Physical security firms can demonstrate their unique qualifications at overseeing security processes, monitoring and responding to security events, screening visitors, guarding entrances, conducting extensive security checks, and more. Recent reports suggest that 75% of organizations stated that the pandemic prioritized the emphasis on physical security.

The events of 2020 demonstrated that, when a majority of the world was working remotely, and facilities were understaffed, security became a major concern. In a normal world, unexpected visitors could be admitted simply by “calling up” to authorize them. But when there is no one there to call up to, then how can security effectively manage unplanned visitation?

As a result, both the security firms and their clients needed to adapt to a new way of managing security and safety within their business. There are two things companies are doing to mitigate security and safety risk in visitor management processes.

1. Augment Visitor Management With Safety Processes

Despite state reopenings and relaxation of strict mask and health guidelines, a majority of organizations will keep to these guidelines as part of their risk management prevention measures.

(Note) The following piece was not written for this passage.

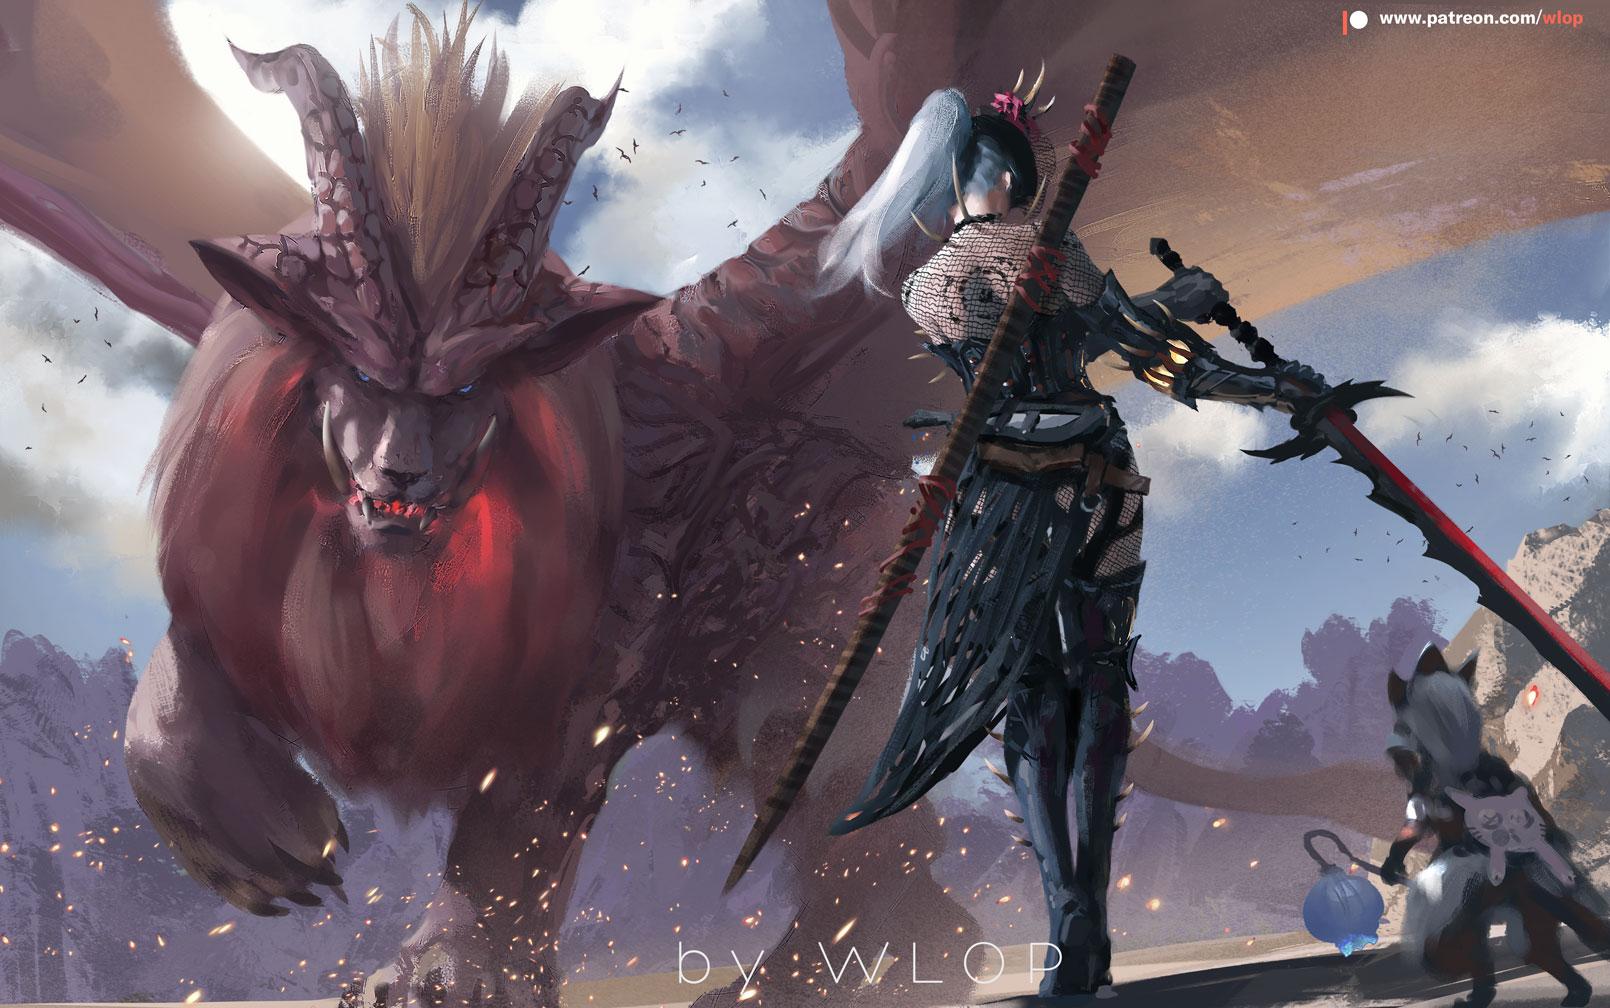 Monster Hunter By Wlop On Deviantart

When managing visitors like maintenance personnel, third-party food vendors, and employees that hold a badge, it’ll be critical that security guards know how to ensure high touch areas, social distancing, and other preventative health measures, as defined by the CDC or state regulations, are adhered to.

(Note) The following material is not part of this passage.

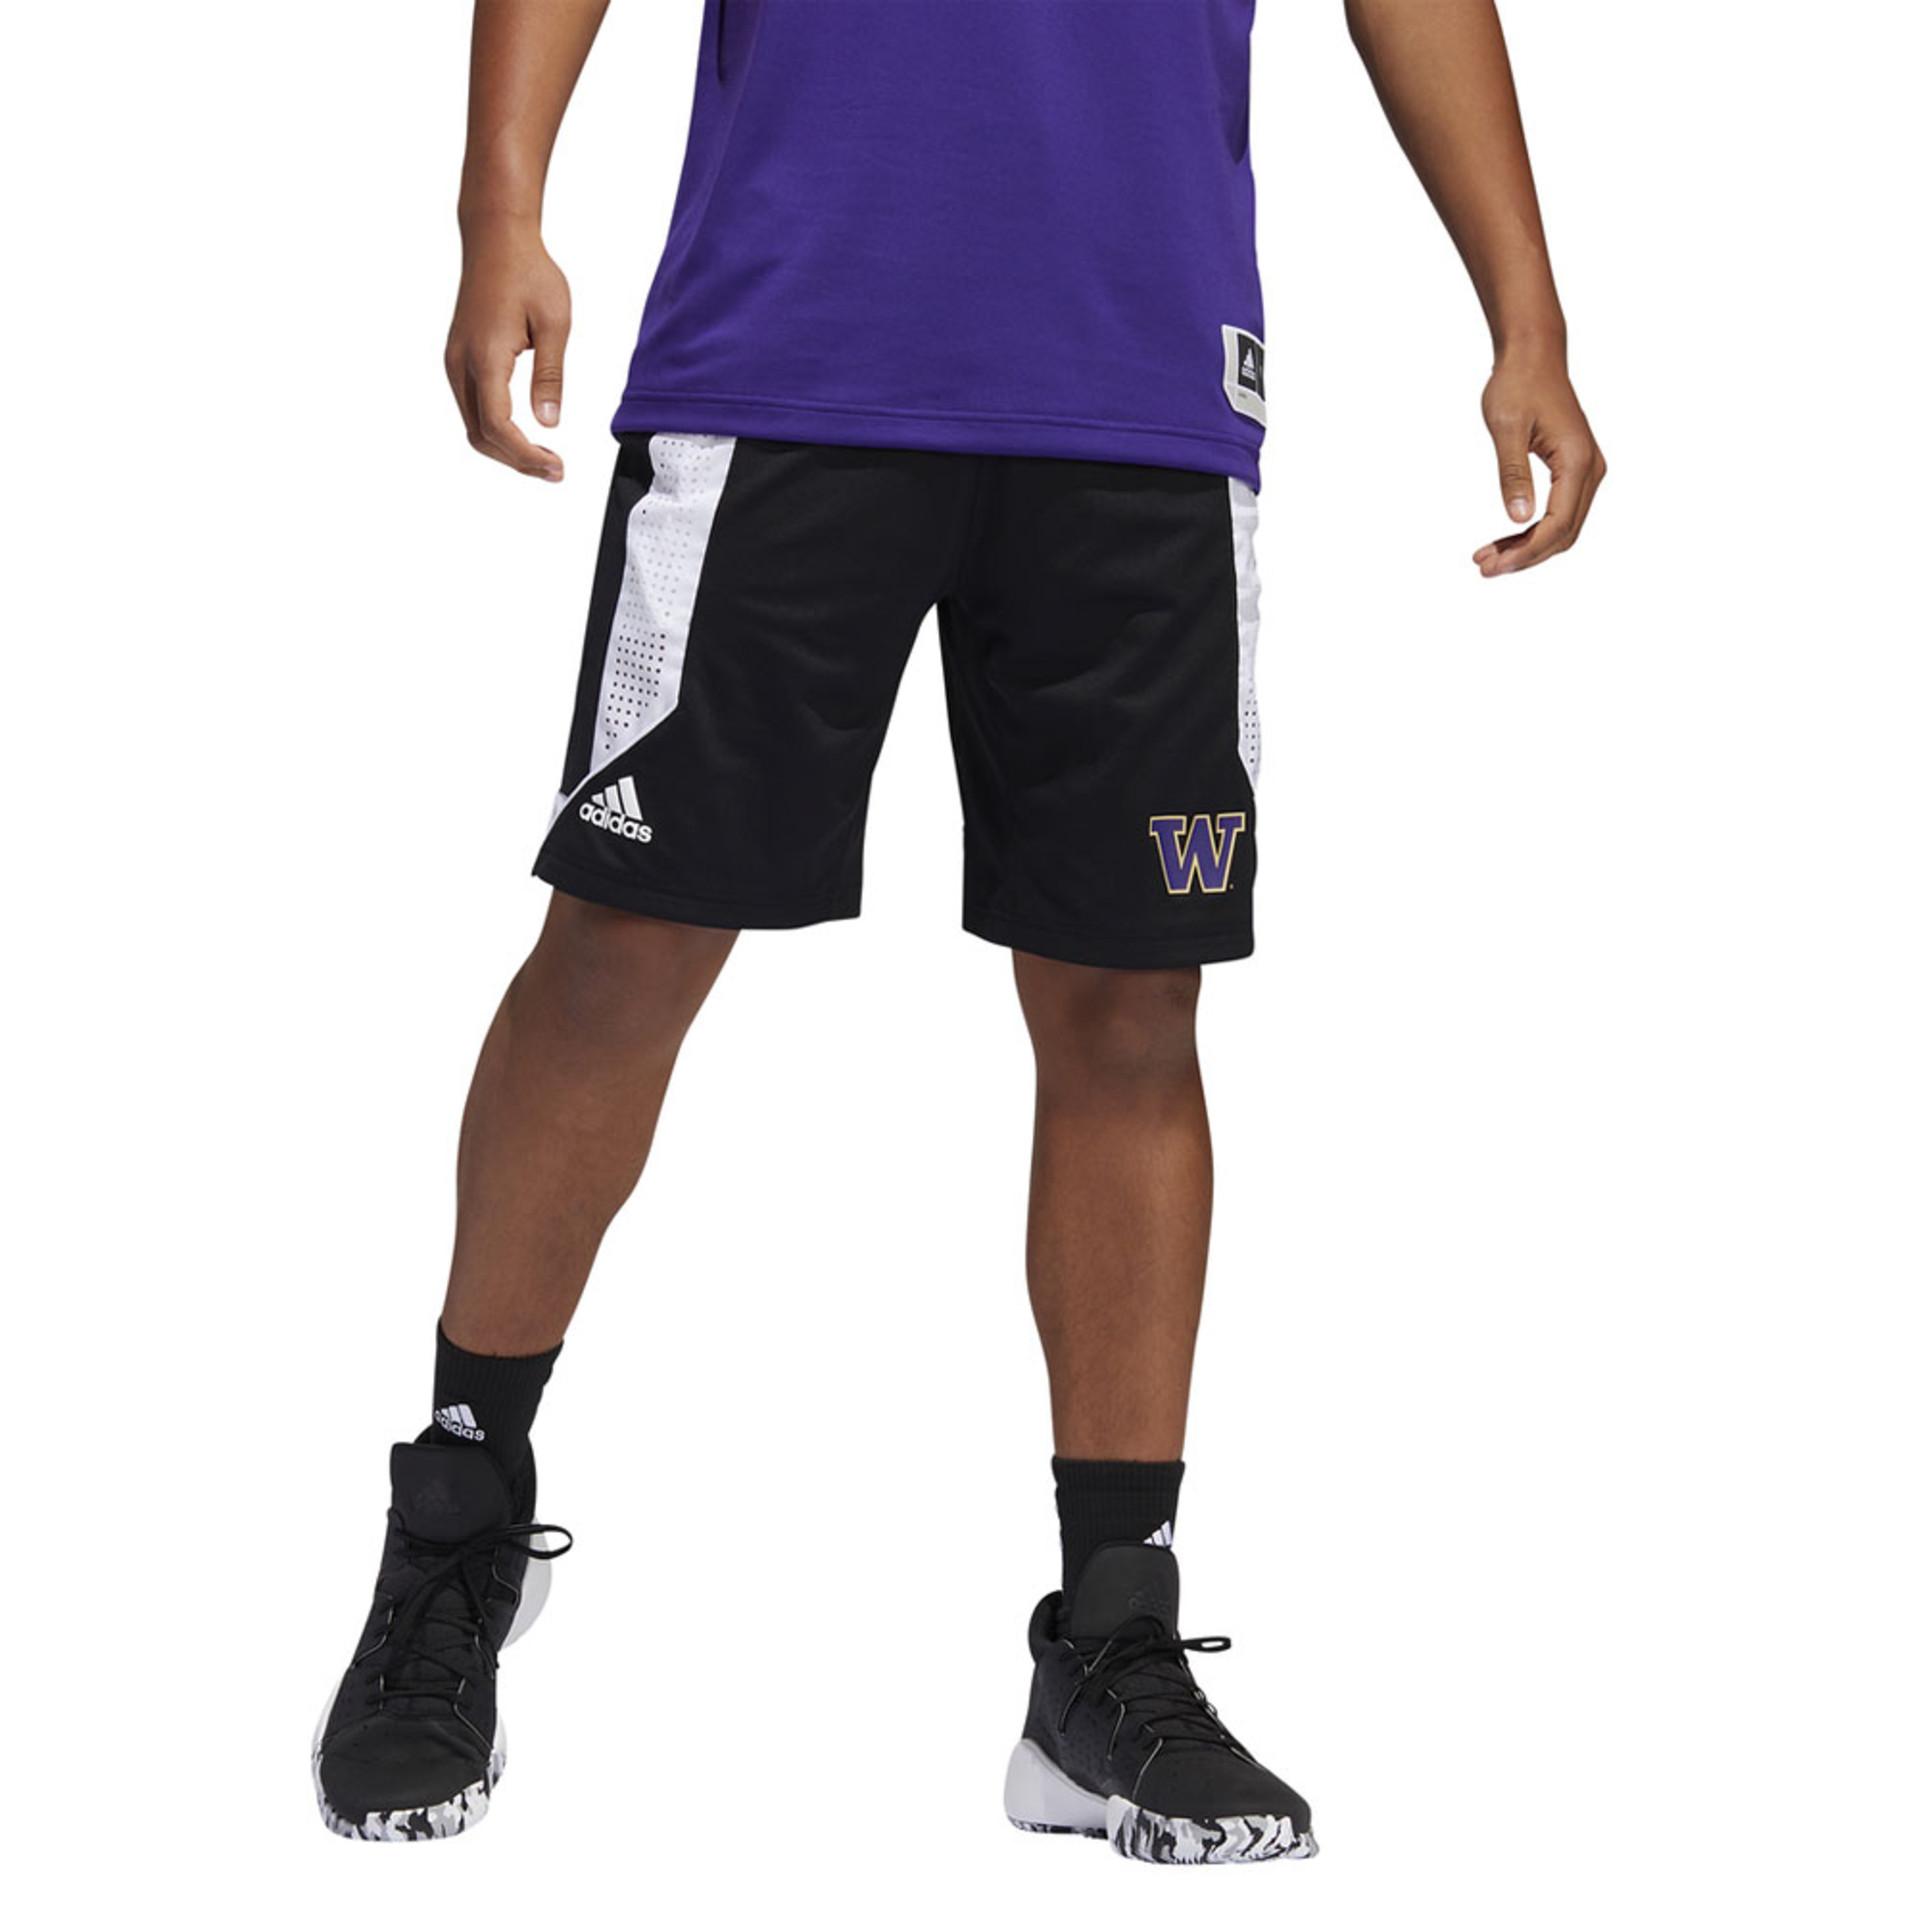 adidas Men's W Swingman Basketball Shorts – On Model

Security is often the first person any visitor will see when they arrive, so the ability for security to ensure visitors are entering a safe and sanitary place is important. It is equally important that security become enforcement of health and safety protocols equally as much as security protocols. Doing so will mitigate any risk of visitors violating any safety rules their clients have put in place.

2. Ensure Real-Time Information Through Visitor Management Software Solutions

In a recent study, 82% of corporate security professionals said that they have already implemented or plan to implement a visitor management solution for their operation. With many facilities focusing more on how to get information to their teams while remote, the ability to send over visitor manifests, delivery schedules, and visitor logbooks in real time to the security team on the frontline has become a key risk mitigation strategy.

Visitor management software solutions reduced any potential hazards of unplanned visitors being admitted without authorization and enable supervisors to see who is in the buildings at all times. This connection from the front lines to the command center provides a better view into identifying potential risks, ensuring that only authorize people are admitted, and helps to improve the communication between the security firm and their clients.

Risk Mitigation Beyond Visitor Management

These two steps security firms are taking to mitigate risk in visitor management are just one component of a larger risk management strategy for security. In a recent study, 88% of corporate security professionals plan to conduct regular risk assessments and audits during this year. This means assessing the entire security operation, looking for potential ways to identify, mitigate and prevent risk. In order to learn from the challenges of 2020, security will need to look for ways to improve how their people, processes and technology are designed to help reduce risk.